§ **Exercise objective**
Copy down the listing below exactly. Do not include pictures.

§ **Dataset content**
-- Opening Marker --

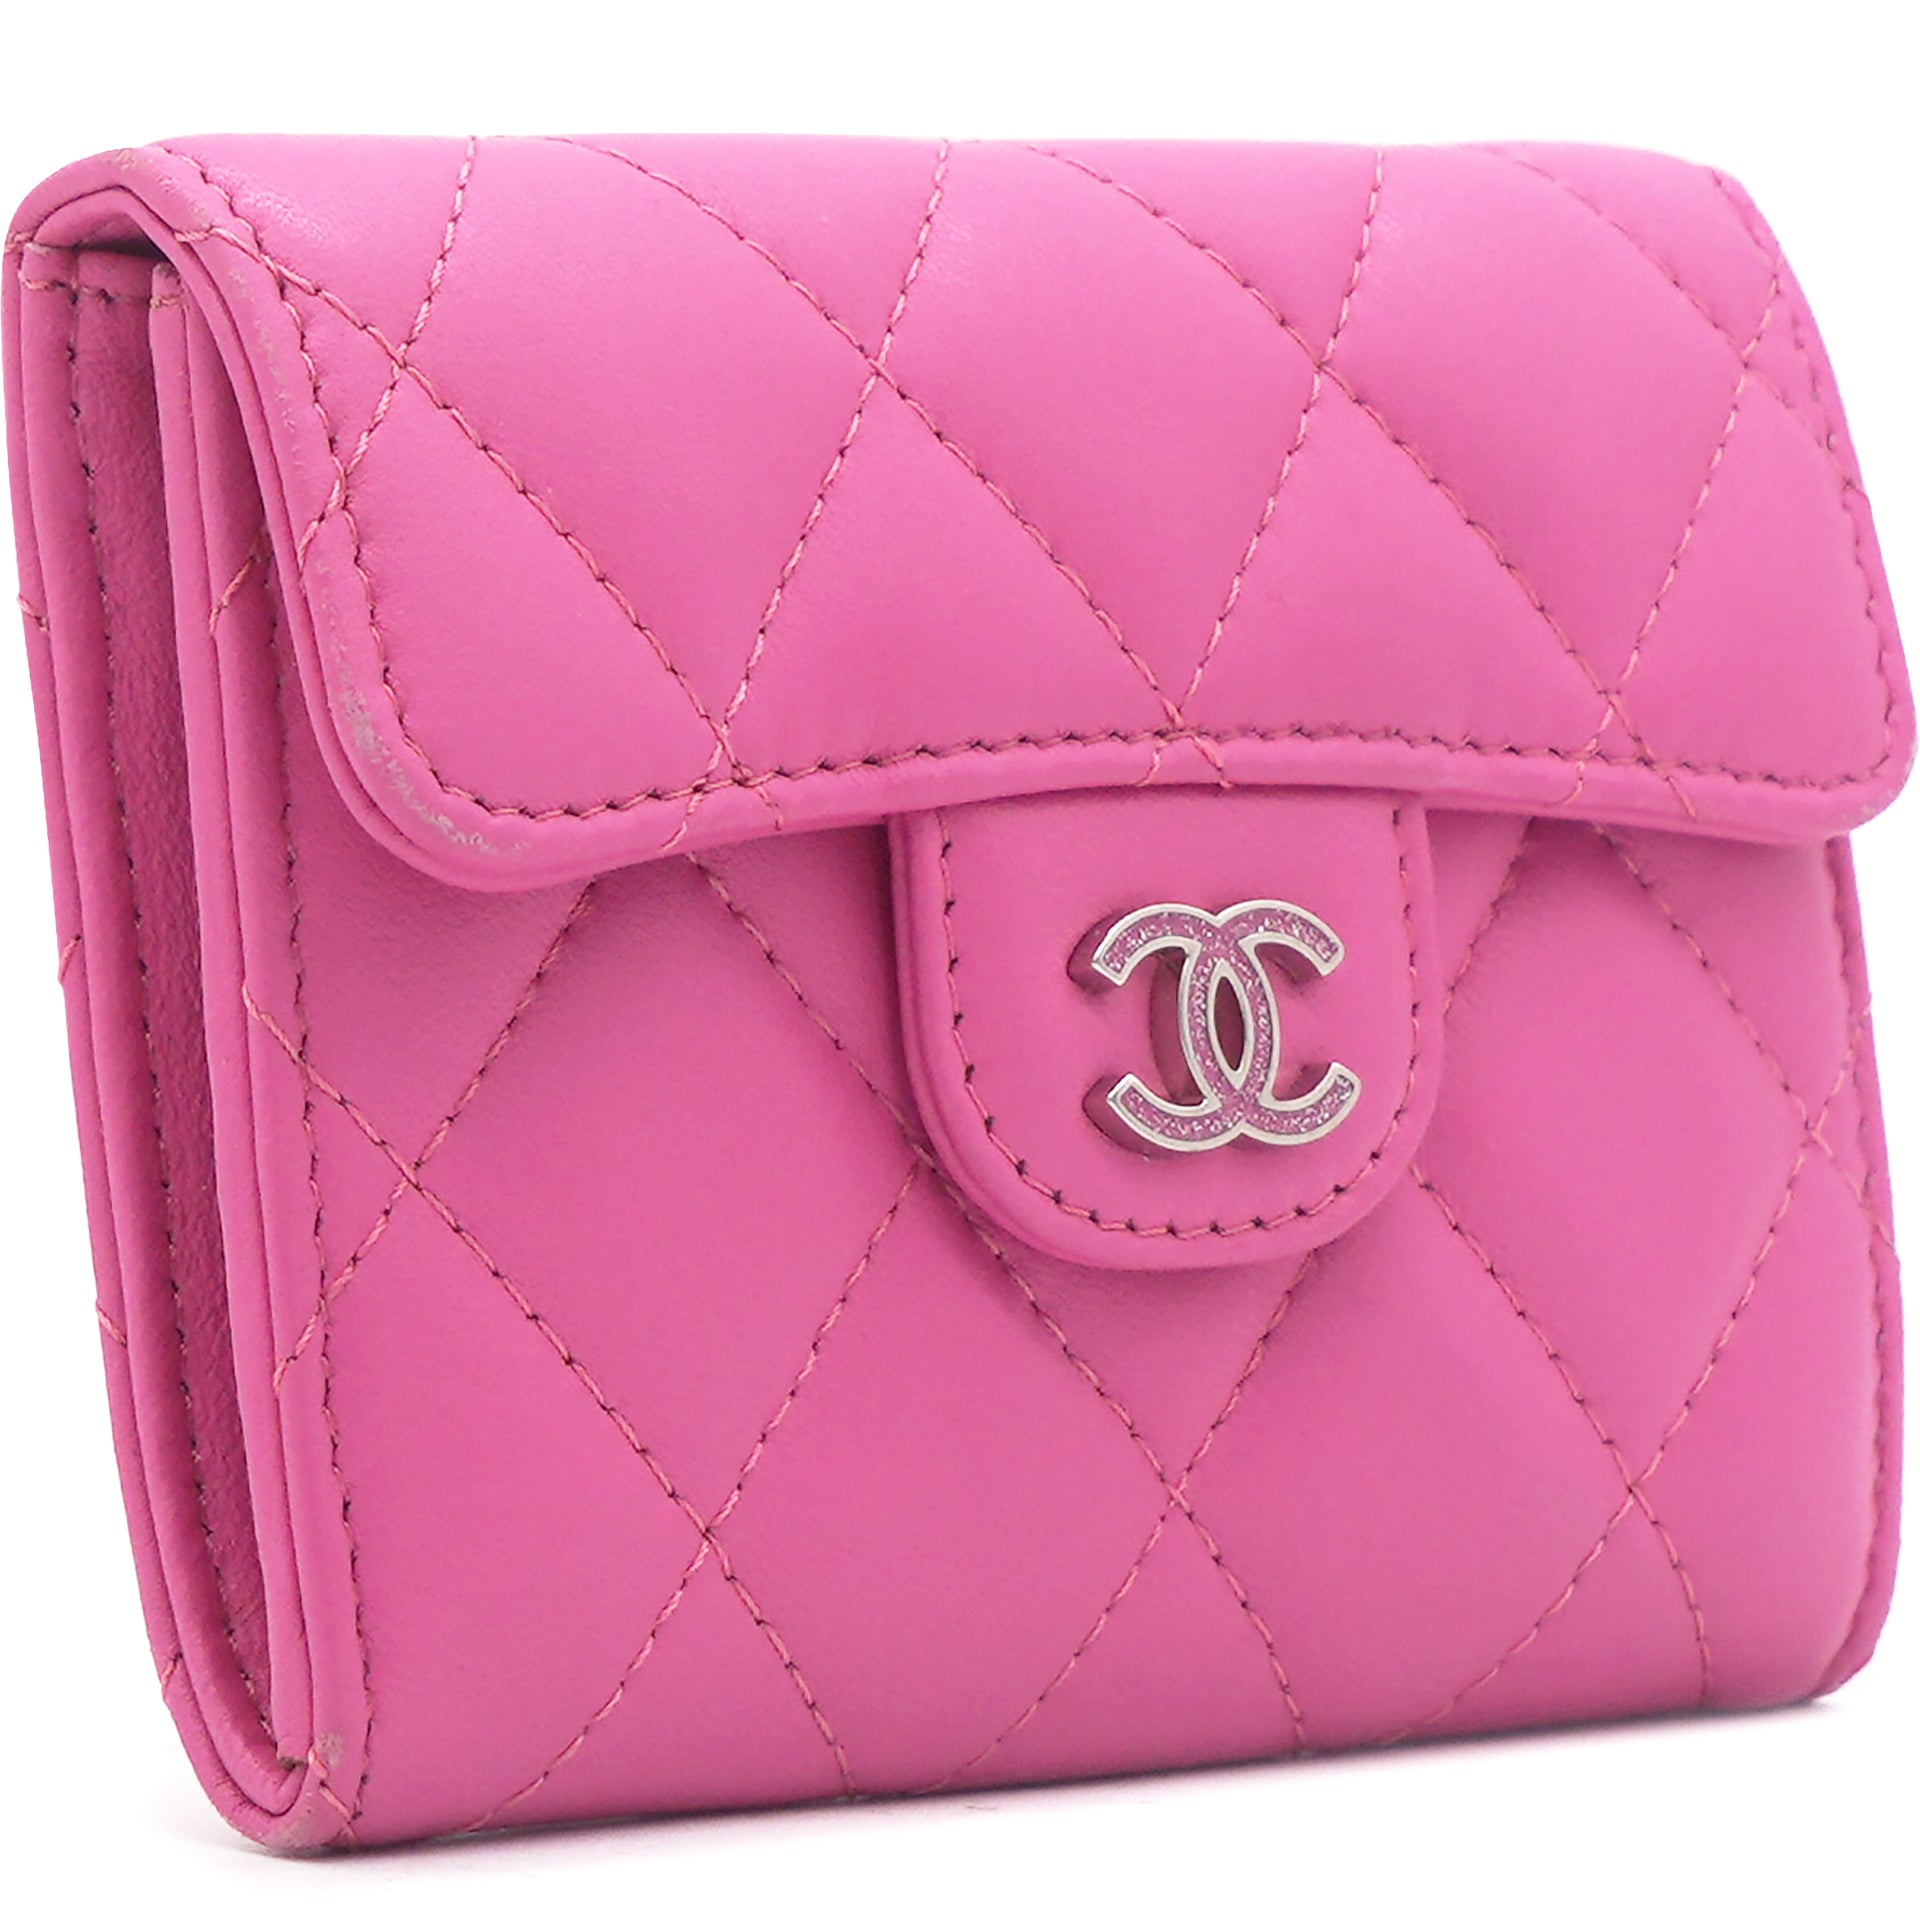 CHANEL Lambskin Quilted Card Holder Purple 1257349
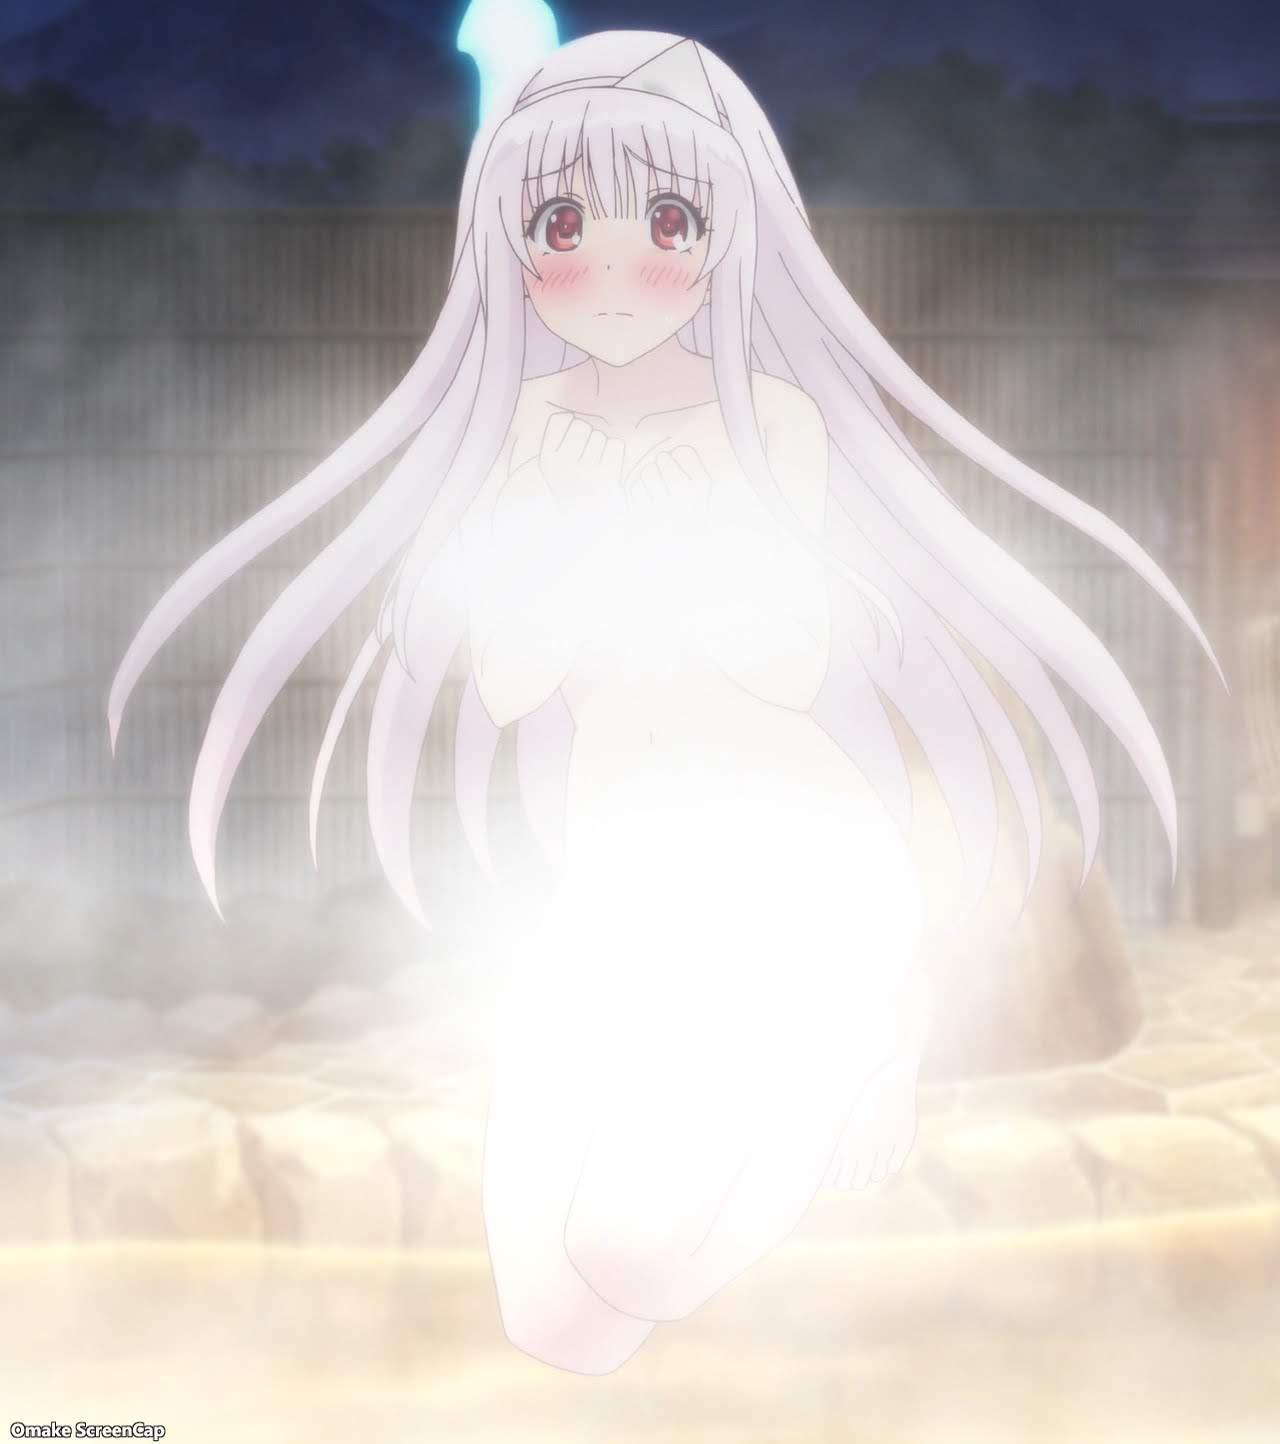 Yuuna and the Haunted Hot Springs Manga to Pack in New Anime Episode
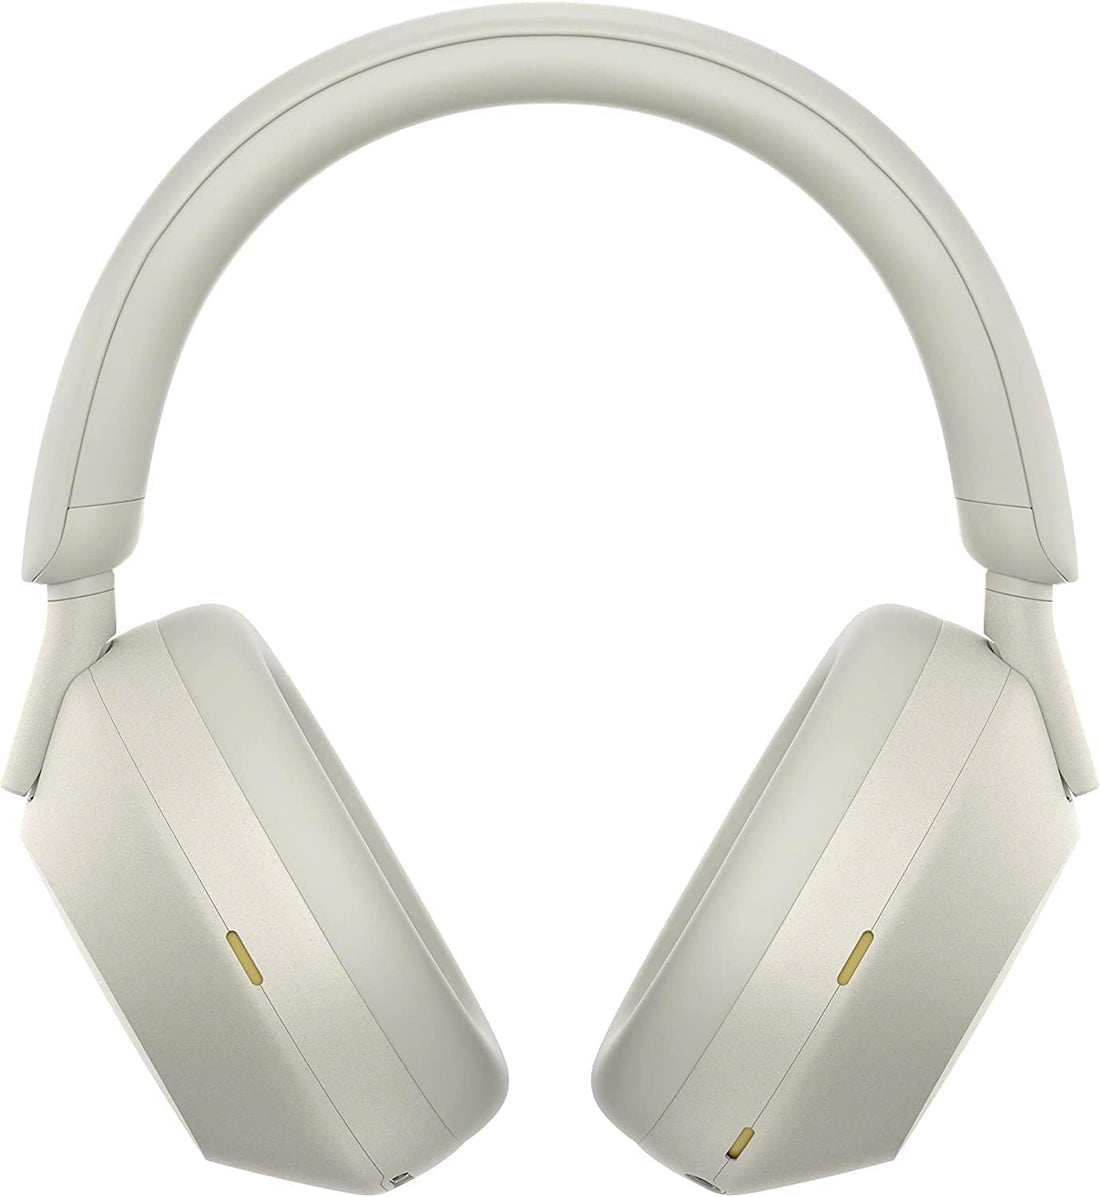 Sony WH1000XM5 Wireless Noise-Canceling Over-the-Ear Headphones - Silver (Refurbished)

-- Closing Marker --

§ **Response to the task**
 CHANEL Lambskin Quilted Card Holder Purple 1257349
 Yuuna and the Haunted Hot Springs Manga to Pack in New Anime Episode
 Sony WH1000XM5 Wireless Noise-Canceling Over-the-Ear Headphones - Silver (Refurbished)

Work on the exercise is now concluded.